Caroline admitted, “I have not been officially introduced to the earl, but I have viewed him twice in passing.”
Audrey felt a bit of jealousy creep along her spine. “What was your first impression of the gentleman?”
Caroline shrugged her response. “I suppose he is fair of face, but he is not exactly what I would find appealing in my future companion.”
Audrey remarked, “You were never interested in men who were fair of head. You have always preferred a man with hair and eyes as dark as your own. Marksman’s reddish-tinted hair and blue eyes cannot compare to Ansel back home, can they?”
Caroline contended, “I have never expressed a preference for Ansel or any other man, for that matter, be he fair of head or swarthy as a sailor.”
Audrey chuckled as she took the lead on the narrow stairs.
“I am glad to hear your head is not so easily turned by a rich Englishman. I pray to be as strong as you and not to be swayed easily by the first handsome man who crosses my path.” She glanced back at her cousin.
“You never said if you encountered trouble today or not.”
“I simply retrieved the note you could not because of Lord Marksman’s interference, along with a second message.”
This time Audrey blushed. She did not appreciate another reminder of her failure.
She ducked her head so Caroline could not observe the turmoil Audrey often experienced when Uncle Jacobi asked her to perform such a task.

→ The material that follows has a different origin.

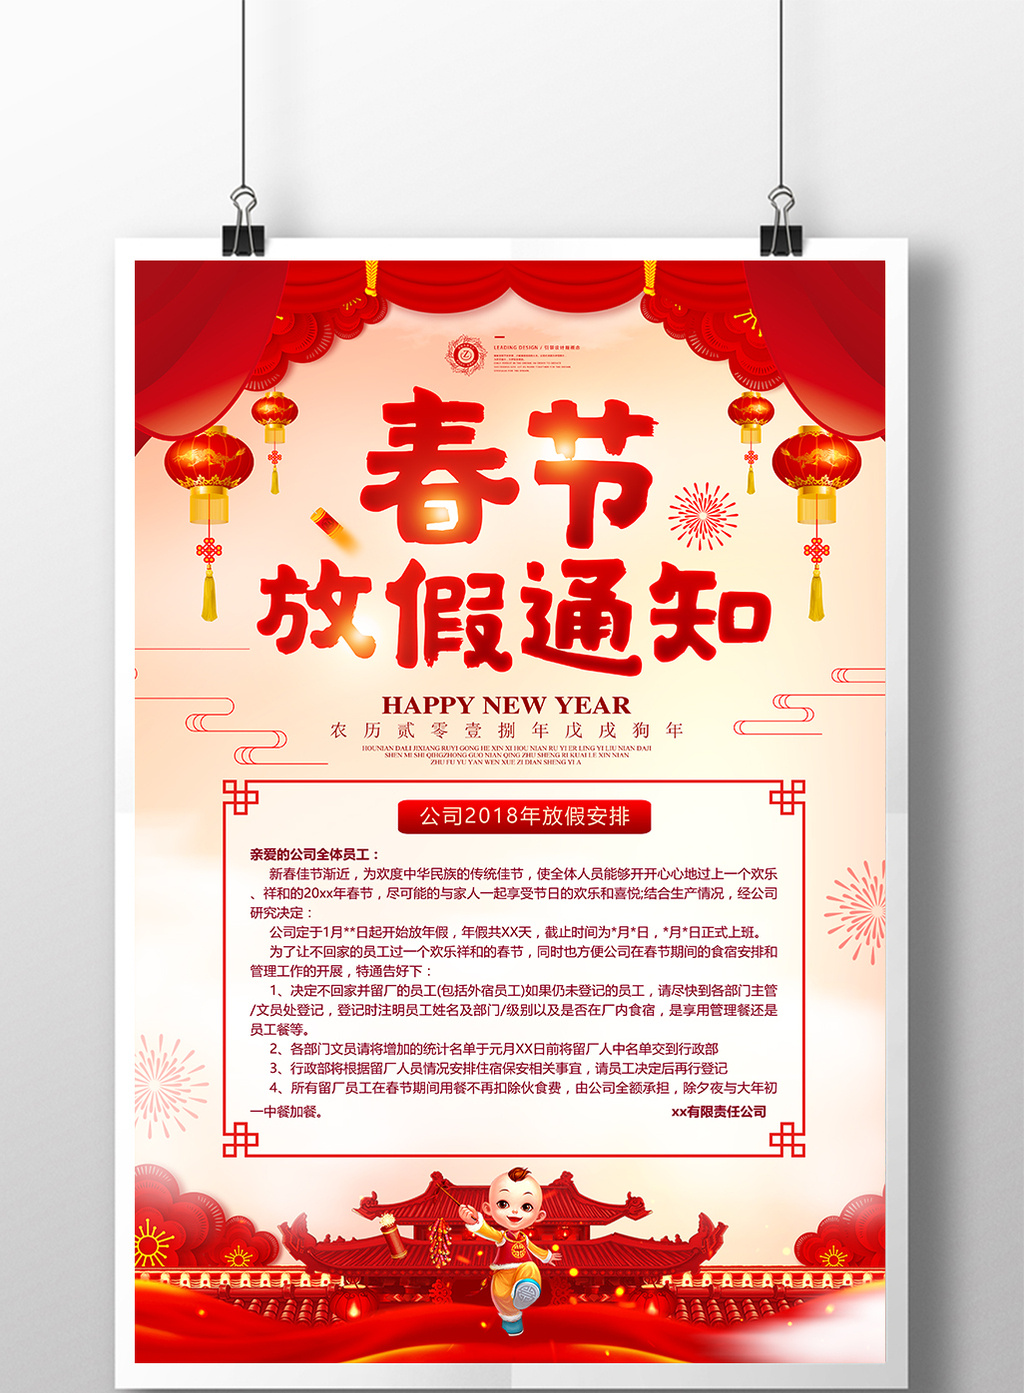 中国风春节放假通知2018温馨提示海报模板免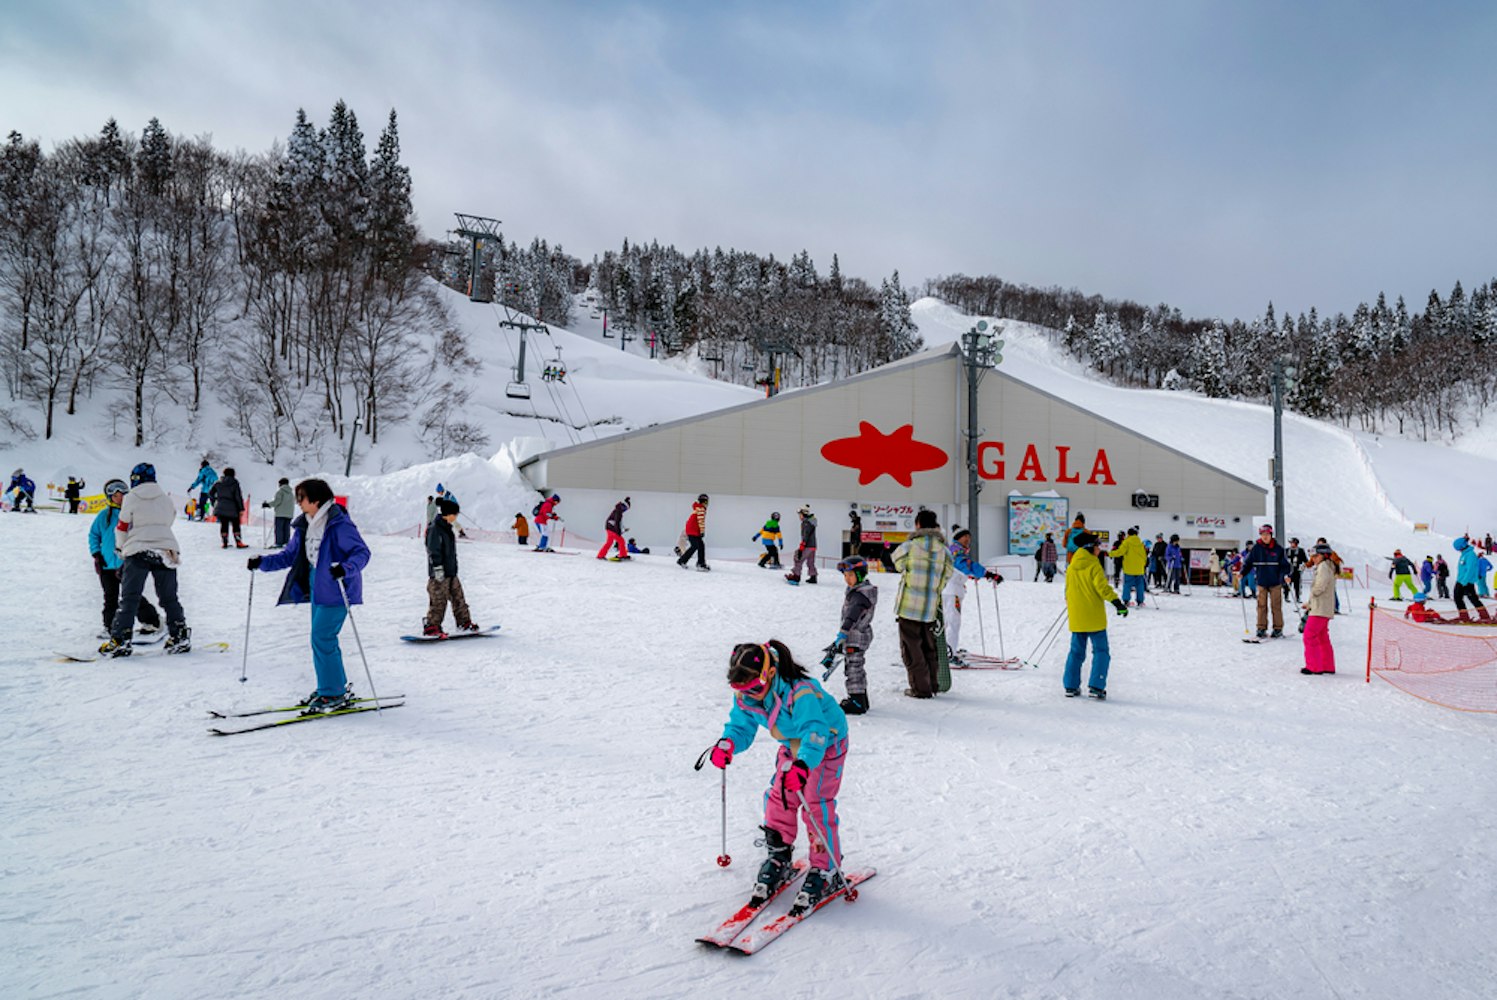 Ski Slopes of Gala Yuzawa Snow Resort

She never wished to fail him, for, without him, she would have lived a life of penury and would have possessed no family of which to speak; yet…
Yet, privately, she often questioned some of the ideas he purported, and she did not like to think he was involved in some sort of scandal.
As she had grown older, she realized much of the income her uncle spent so freely had come on the backs of those less fortunate or from conducting some sort of farce to extract money from the wealthy they encountered in their travels.
“I am excessively grateful,” Audrey said to Caroline. “I would never wish you to know danger, especially because I did not perform as I should have. I disappointed Uncle Jacobi, and I regret doing so more than I can ever name.”
Caroline assured, “Do not fret so. It was your first time assisting Father, and you possess no natural guile.”
Audrey laughed awkwardly. “And you do?”
Caroline’s cheeks flushed with color before she said, “My guile comes from practice, as will yours. There is enough time for you to hone your skills. As for today, no one followed me to the tearoom, if that is what you are asking. So far, I am just another woman on the street, out walking with my maid. I have only been officially introduced to a half dozen of London’s society at the musicale my father and I attended last evening, which proved, by the way, to be remarkably boring.
That is where I caught a glimpse of your Lord Marksman.
He was with another elderly gentleman and a woman dark of head. ”
“Likely Lord Duncan and the man’s daughter,” Audrey explained.
“Lord Duncan served as one of Marksman’s guardians when the young lord first came into his peerage.
From what his lordship said, I assume Marksman was quite young when he inherited.
I have not officially taken the acquaintance of either Lord Duncan or Lady Theodora Duncan,” Audrey explained.
“Did you come to be introduced to the trio?”
“Father guided me about the room in the opposite direction of where they stood. For some reason he has yet to explain, my father would prefer not to become too comfortable with Marksman or the others,” Caroline observed in a guarded manner.
Audrey’s curiosity arrived. “Does Uncle know something of the earl, which we do not?”
“Father has never expressed his reasons to me,” Caroline assured.
“He simply warned me not to become friendly with the man.” Her cousin glanced around to know confidence there was no one else about who could overhear their conversation.
“As to my task today, the shop owner placed the note addressed to my father on the counter as I went to pay him. I placed it in my reticule. That second task was much simpler than finding a note behind a particular tree in a park of which I was not familiar.”
It was the fourth day after the masque before they had their first real clue delivered at the hands of Lionel Carter, Marksman’s friend from their years in London’s slums.